In the above scheme, the device further comprises a ball valve, and the second pipeline is further connected with a third pipeline through the ball valve and used for pumping air on the ground or filling oil.
In the scheme, the pressure monitoring device further comprises a pressure monitoring assembly, and the other end of the four-way joint is connected with the pressurizing oil tank through the pressure monitoring assembly.
In the above scheme, the pressure monitoring subassembly includes relief pressure valve, pressure detector, the relief pressure valve sets up and forms pressure release circuit on the pipeline between the one end of four way connection and the pressurization oil tank, pressure detector sets up on the relief pressure valve, or on the pipeline between relief pressure valve and the pressurization oil tank, or set up on other pipelines that directly link to each other with the pressurization oil tank, the controller is connected with pressure detector.
In the above scheme, the oil tank group includes preceding oil tank, back oil tank, preceding oil tank, back oil tank constitute by the split type soft oil tank in a plurality of groups vacuum, the split type soft oil tank in a plurality of groups vacuum of preceding oil tank respectively with first tube coupling, the split type soft oil tank in a plurality of groups vacuum of back oil tank respectively with the second tube coupling.

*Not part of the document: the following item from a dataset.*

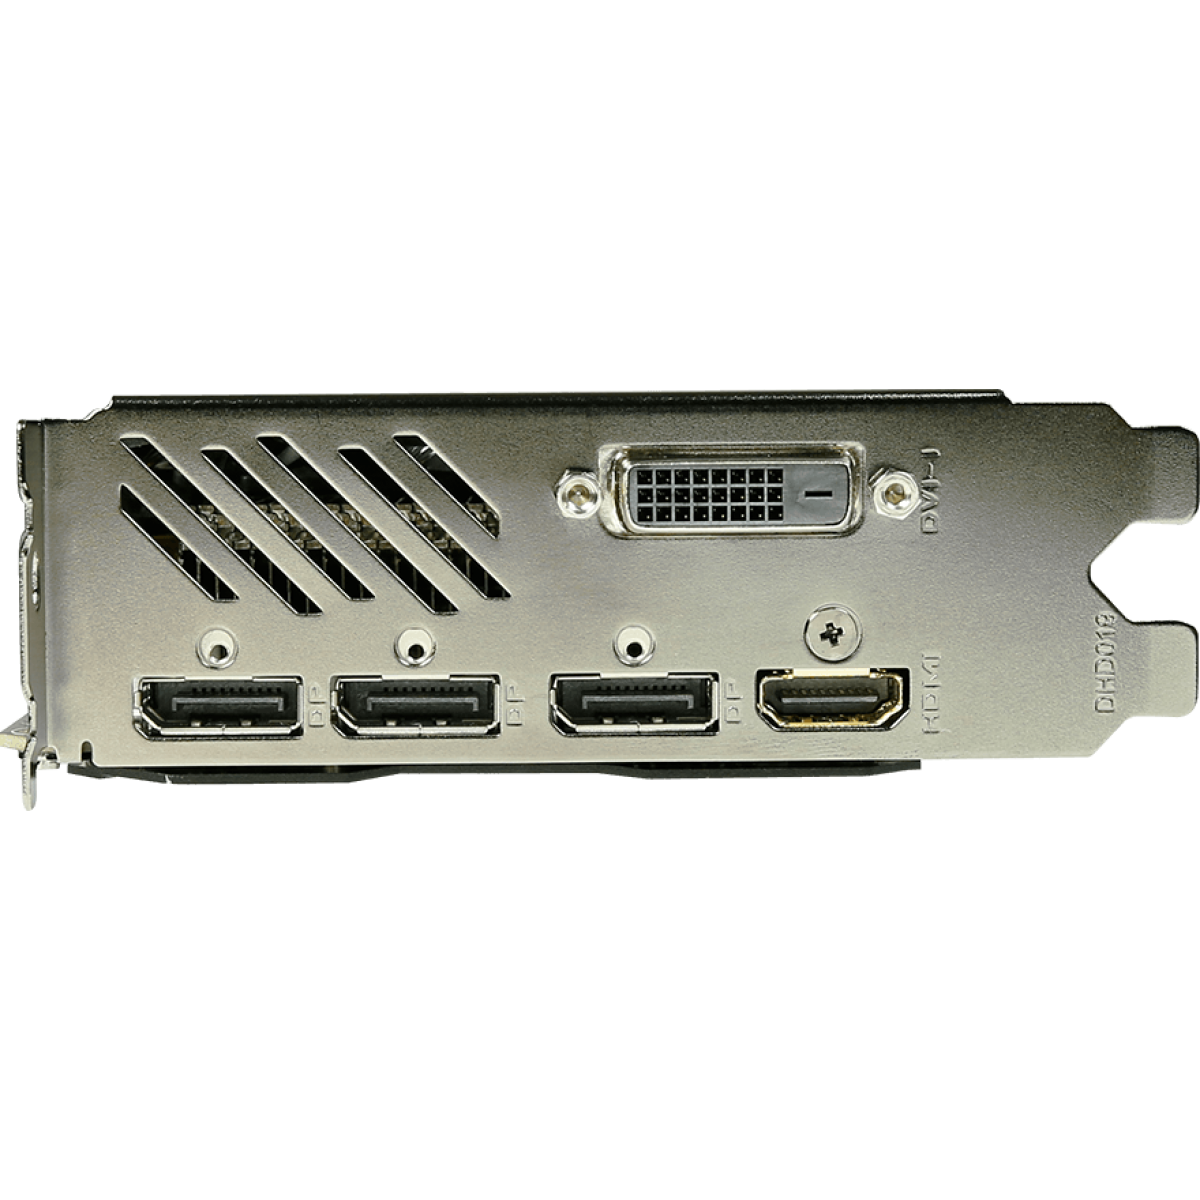 Placa de Vídeo Gigabyte Radeon RX 580 Gaming Dual, 4GB GDDR5, 256Bit, GV-RX580GAMING-4GD

In the above scheme, the fuel feeding subassembly includes that fourth pipeline, oil strain, flowmeter, total oil way solenoid valve, engine main oil pump, the pressurization oil tank passes through the fuel feeding subassembly and is connected with the engine, the fourth pipeline sets gradually flowmeter, total oil way solenoid valve, engine main oil pump along the fuel feeding direction, the oil strain sets up between flowmeter and pressurization oil tank, or between flowmeter and the total oil way solenoid valve, the flowmeter is connected with the controller, total oil way solenoid valve, engine main oil pump are connected with the engine controller respectively.
The embodiment of the invention also provides an oil supply control method of the fuel oil supply system of the unmanned aerial vehicle, which comprises the following steps: at unmanned aerial vehicle early stage flight in-process, the ball valve defaults to be in the closed condition, the controller drive the fuel sequential control valve is closed to the pressurized oil pump, the preceding oil tank of oil tank group supplies oil in to the pressurized oil tank through first pipeline, fuel in the pressurized oil tank passes through fuel feeding assembly and carries to the engine.
In the above scheme, the method further comprises: at unmanned aerial vehicle back-phase flight in-process, the ball valve defaults to be in the closed condition, the controller drive the fuel sequence control valve is opened to the pressurized oil pump, the back oil tank of oil tank group passes through second pipeline, pressurized oil pump fuel feeding in to the pressurized oil tank, the fuel in the pressurized oil tank passes through fuel feeding unit and carries to the engine.
In the above scheme, the pressure detector of the pressure monitoring assembly collects the pressure in the pressurized oil tank, and the controller determines whether to increase or decrease the pressure in the pressurized oil tank according to the pressure condition in the pressurized oil tank.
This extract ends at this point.